The way mass schooling grew in America illustrates the mechanics of the expansion of schooling children across generations. As each sector of schooling grew, its success propelled the development and subsequent expansion of the next sector. As each new generation of parents attained more education, their "demand" for even more education for their children intensified, and the "supply" of opportunities for more education moved along with that demand. In the final decades of the nineteenth century and early decades of the twentieth, the United States rapidly built a public primary system, so that by the beginning of the Second World War attaining schooling through the eighth grade became the average among American adults; just thirty years later the average had advanced to the completion of high school (U.S. Department of Education, NCES 1993). As the primary system graduated larger and larger proportions of children, a public secondary system was built, and as that system graduated larger proportions of youth, enrollment in higher education began to climb. Therefore the average amount of schooling of each successive generation of Americans substantially exceeded that of the preceding generation.
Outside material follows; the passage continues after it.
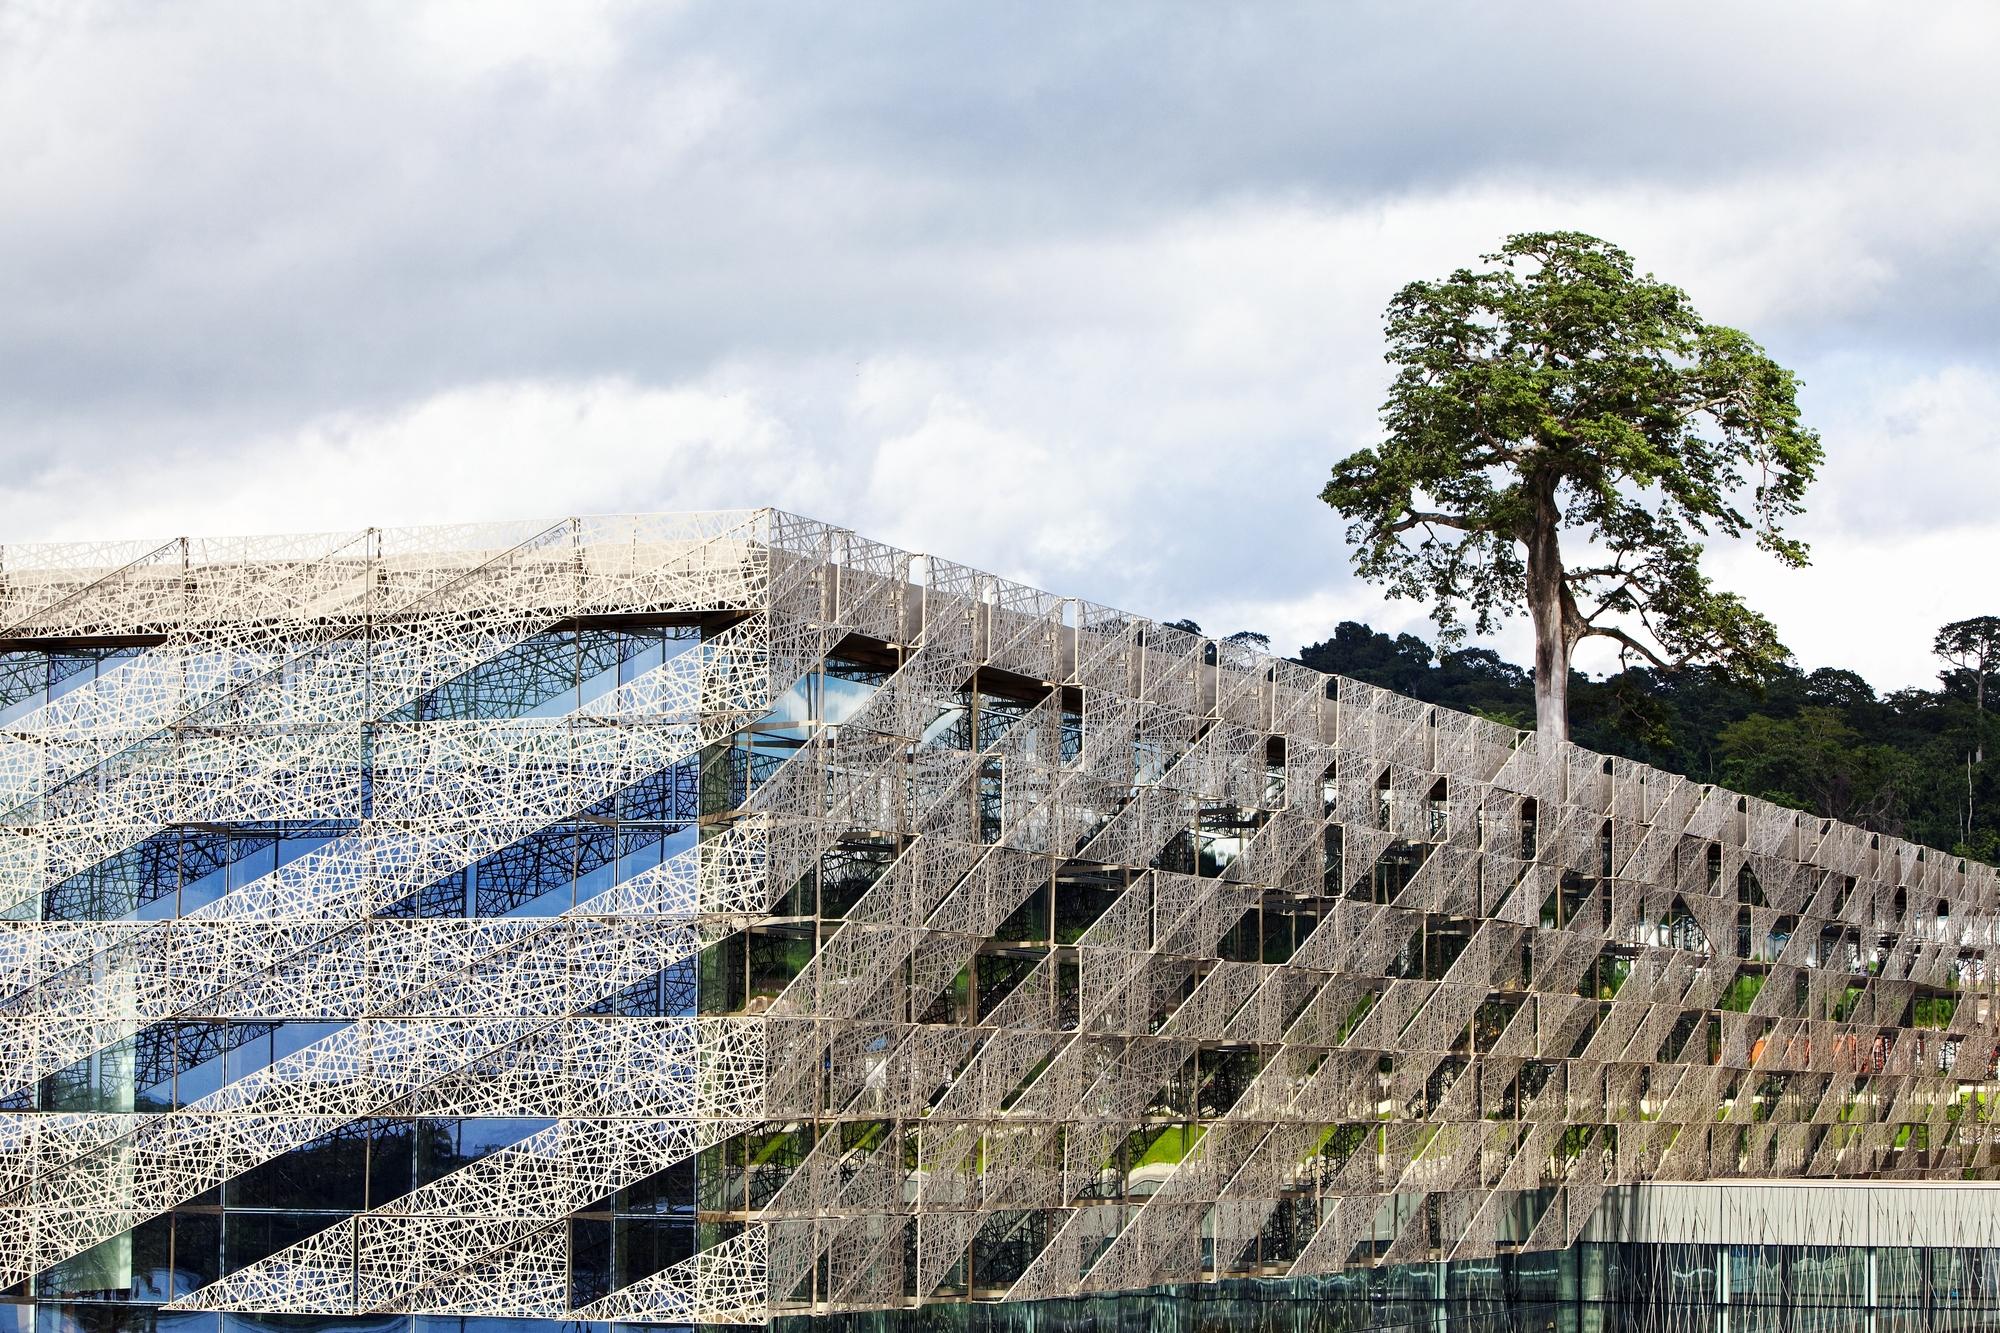 Congresso de Sipopo / Tabanlioglu Architects, © Emre Dörter

For example, just before the Second World War, of ten American adults over the age of twenty-five who were representative of their era, one of them would have attended little or no schooling, five of them would have attended just primary education, three would have attended just high school, and one would have attended higher education (and only one out of two of these people would have attained the baccalaureate or a graduate degree). Thirty years later, as most of the middle of the baby-boom generation passed through high school and as older adults with lower levels of schooling died, less than one American adult out of ten had attended little or no schooling, two would have attended just primary schooling, five would have attended just high school, and two would have attended higher education, one of these having earned the baccalaureate or higher. In another thirty years, at the beginning of the twenty-first century, the education levels of ten representative American adults would look strikingly different from either of the earlier groups: all of them would have attended primary schooling, only one would not have moved on to high school, four would have only completed high school, and five would have attended higher education, of which two would hold the baccalaureate or higher. As a consequence, a number of major American cities, such as Seattle, San Francisco, and Washington, are now places where one half of all residents have the BA or higher. Enrollment in higher education is at an all-time high (20.6 million students in 2010) and is expected to increase 14 percent by 2019 (Hussar and Bailey 2011).
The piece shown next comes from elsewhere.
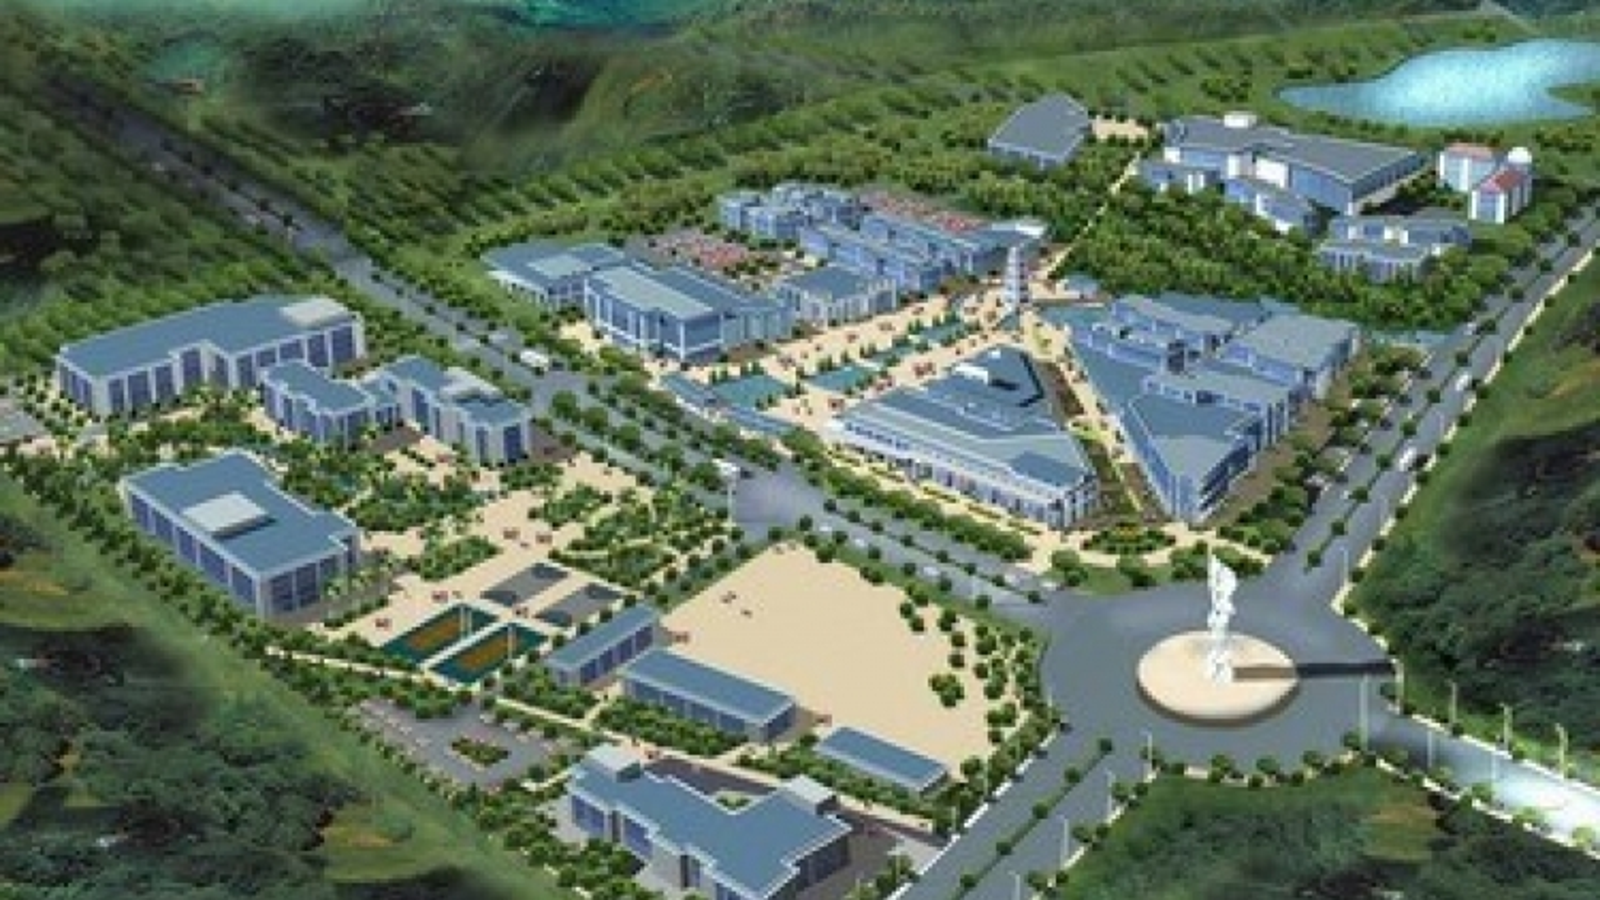 Japan gives ODA loans to Hoa Lac project

Perhaps nothing is as telling of the power of the sweeping force that drove America to be a schooled society as the rate at which schooling was developed for the most disadvantaged children at various times. For example, slavery, Jim Crow segregation laws, and other oppressive measures by the dominant white society kept enrollment rates among African American children considerably lower than native-born whites throughout the nineteenth century and into the twentieth. But even within this environment of formal and informal racism, African American enrollment began to grow at a rate similar to that of white students from 1910 onwards (U.S. Department of Education, NCES 1993). And the hardwon battles of the civil rights struggle, which not surprisingly were in large part focused on achieving equal educational opportunities, added considerably to the growth in schooling for African Americans after the middle of the century (e.g., Rury and Hill 2011). The educational consequences have been stunning: within one generation the average African American, completing only some primary schooling, would most likely see her child finishing high school (10–70% increase in high school completion from 1940 to 1970), and just like whites, her grandchildren's likelihood of enrolling in higher education has continued to rise.

A similar story is true for the children of immigrants from Southern, Central, and Eastern Europe who poured into America from 1880 onward. At first their rates of schooling were very low; for instance, school attendance among Italian American children was lower than the rate among African Americans living in northern cities in the early part of the twentieth century (Lieberson 1980). Many of these groups also struggled with poverty and bigotry, which limited educational opportunity. But just as with African American children, in a relatively short time their enrollment rates began to look like native-born white children's. This growth was in large part due to the ability of these mostly Catholic families and the American Catholic Church to build a parallel, large-scale system of schools. In almost all ways American Catholic schooling developed just like the public system, and the logic to supply schooling to all children was foremost in its intentions (Baker 1999). What is particularly noteworthy about schooling for these two historically disadvantaged groups is that even through all of the poverty and oppression and struggles (and because of them in some cases), a version of the education revolution happened for these groups.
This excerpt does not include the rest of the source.